Par La Rédaction | Lementor.net
Le 11 juin 2026, à 19h30 heure locale, dans un Estadio Azteca bouillonnant de soixante-dix mille spectateurs mexicains en délire, la 23e édition de la Coupe du monde de football a officiellement pris son envol. Le Mexique a battu l’Afrique du Sud deux buts à zéro dans un match d’ouverture qui a tenu ses promesses d’ambiance sinon entièrement ses promesses de spectacle. Et avec ce coup d’envoi, la plus grande compétition sportive de la planète a commencé son déroulement sur les trois pays hôtes, États-Unis, Canada et Mexique, pour six semaines qui s’annoncent d’une densité et d’une intensité sans précédent dans l’histoire du football mondial.
Ce Mondial 2026 est historique à plusieurs titres qui méritent d’être énoncés clairement. C’est le premier Mondial à 48 équipes, soit seize de plus que le format traditionnel à 32 qui avait prévalu depuis 1998. Ce sont 104 matches disputés sur trois pays hôtes, dans seize stades répartis du Mexique à Vancouver en passant par New York, Boston, Los Angeles, Miami, Toronto et Seattle. C’est le tournoi le plus long de l’histoire, avec une phase de groupes qui s’étend sur plus de deux semaines et une finale prévue le 19 juillet à New York. Et c’est la première fois que dix équipes africaines participent simultanément à une Coupe du monde, un record absolu qui traduit la montée en puissance du football africain et la reconnaissance par la FIFA de la place que le continent mérite dans la gouvernance mondiale du sport.
Ces dix équipes africaines constituent le panorama le plus diversifié que le continent ait jamais envoyé sur la scène mondiale. Le Maroc, dont la demi-finale au Qatar en 2022 avait provoqué une onde d’émotion continentale sans précédent, arrive en Amérique du Nord avec le statut d’outsider sérieux et la pression de confirmer un statut que les Lions de l’Atlas ont mis des décennies à construire. Le Sénégal, champion d’Afrique en titre depuis sa victoire à la CAN Maroc 2025, dispose de l’une des sélections les plus complètes du continent avec une armature de joueurs évoluant dans les meilleurs championnats européens. La Côte d’Ivoire fait son grand retour après douze ans d’absence, portée par une dynamique de préparation exceptionnelle et la fièvre d’un pays entier qui attend depuis trop longtemps que ses Éléphants franchissent enfin le premier tour.

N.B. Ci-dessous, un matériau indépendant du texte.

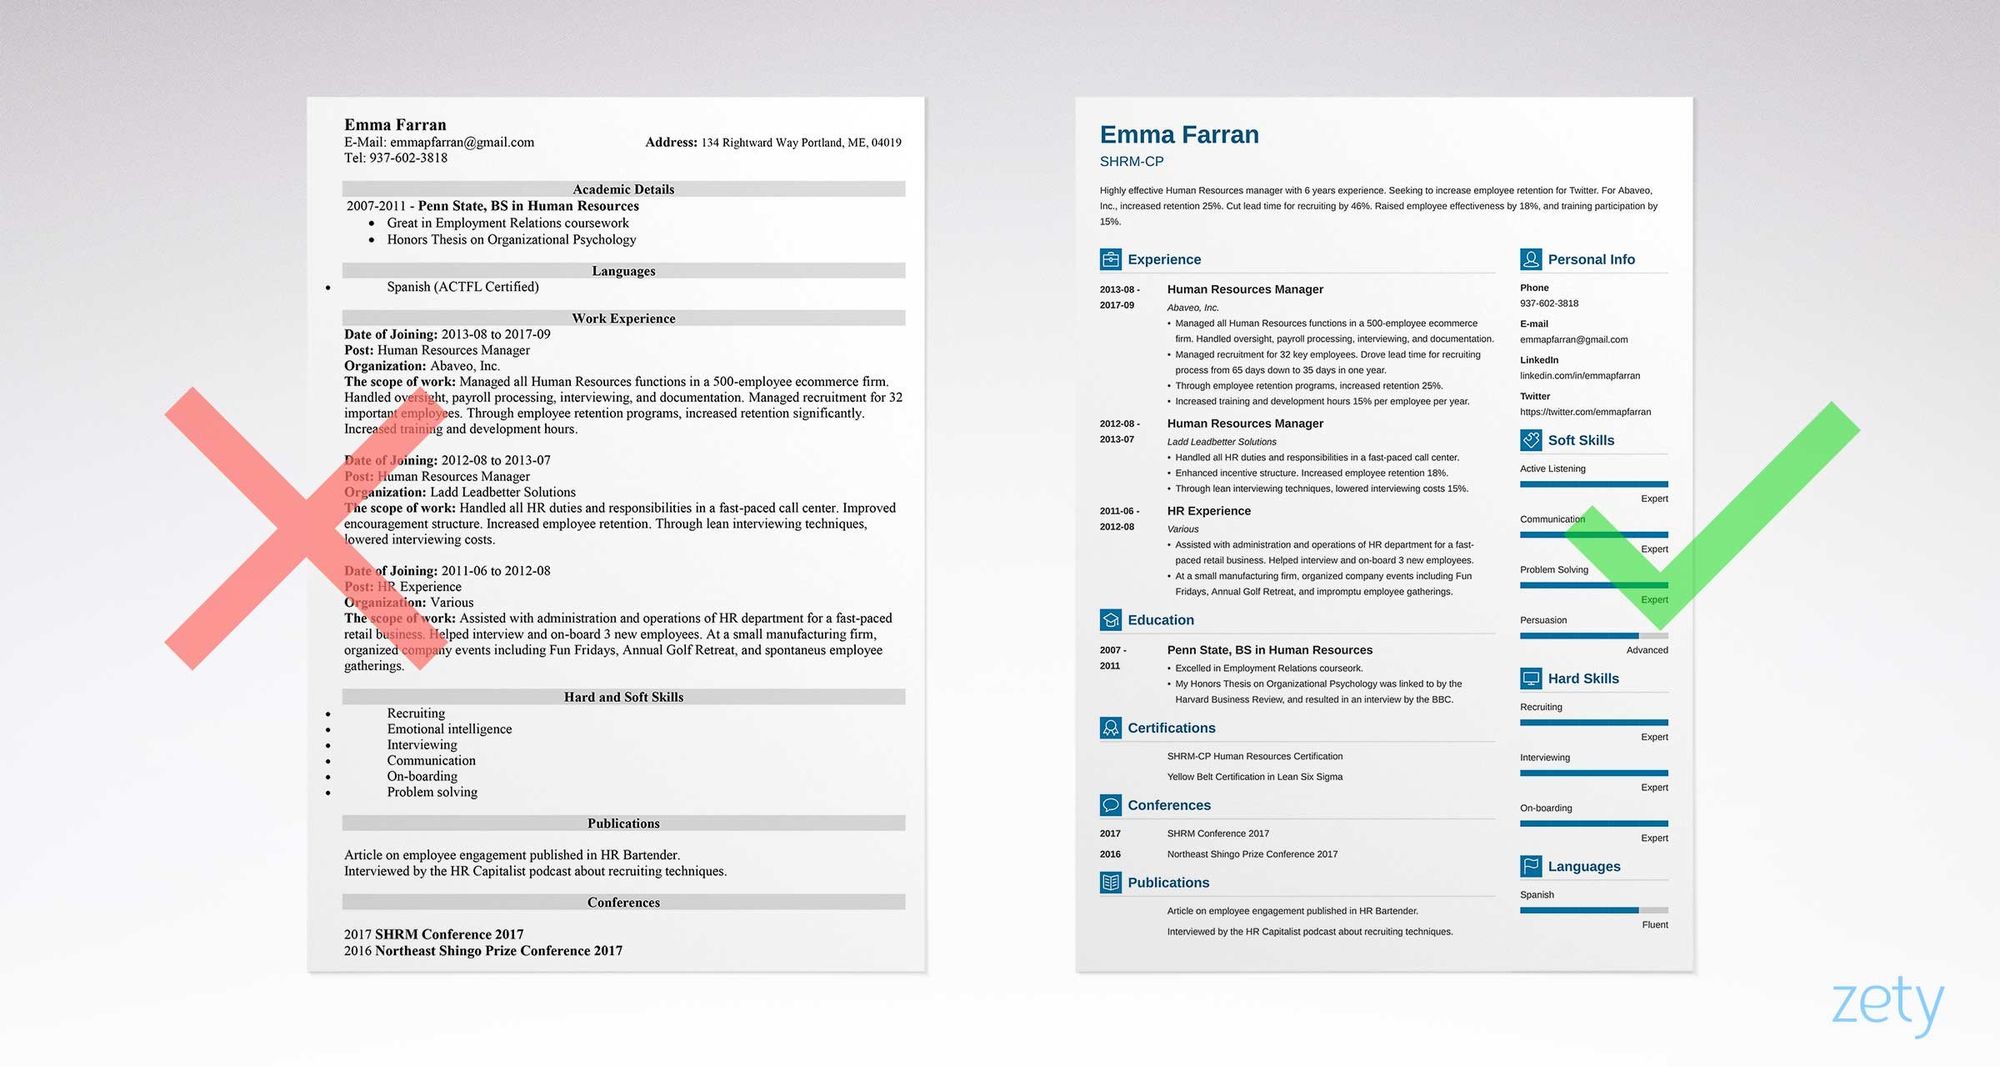 Most creative resumes we have ever seen

Le match d’ouverture a donné le ton de ce qui attend les équipes africaines dans les premiers jours. L’Afrique du Sud, seule représentante africaine de cette première journée, a subi la loi du Mexique deux buts à zéro dans un Azteca en fusion. Les Bafana Bafana ont résisté un temps avant de se désunir sous la pression mexicaine, incapables de trouver les ressources offensives pour inquiéter un gardien mexicain rarement sollicité. Ce résultat ne dit rien de définitif sur la valeur des équipes africaines dans ce tournoi, mais il rappelle que les Coupes du monde se gagnent sur la rigueur tactique et la maîtrise des grands moments, deux qualités qui s’acquièrent dans l’expérience des compétitions majeures que certaines des sélections africaines sont encore en train d’accumuler.
Les prochains jours vont préciser les contours de cette compétition historique pour le football africain. Le 14 juin, les Éléphants de Côte d’Ivoire entrent en lice contre l’Équateur à Philadelphie. Le 15 juin, le Maroc affrontera son premier adversaire de groupe. Le 16 juin, les Lions du Sénégal joueront contre la France au MetLife Stadium de New Jersey dans l’un des matches les plus symboliquement chargés de cette édition, un duel franco-sénégalais qui dépasse le cadre du football pour entrer dans celui des relations postcoloniales et de l’affirmation identitaire africaine sur la scène mondiale. La présence annoncée du président Bassirou Diomaye Faye dans les tribunes de New Jersey ne fera que souligner la dimension politique de cette rencontre.
Ce Mondial 2026 sera jugé à ses résultats pour l’Afrique. La question n’est plus celle de la participation. Elle est celle de la performance. Après la demi-finale marocaine de 2022, après les trois quarts de finalistes africains de ce même tournoi, l’ambition a changé d’échelle. L’Afrique ne vient plus aux Coupes du monde pour apprendre. Elle vient pour gagner. Et les prochaines semaines diront si cette ambition est portée par les moyens qui lui correspondent.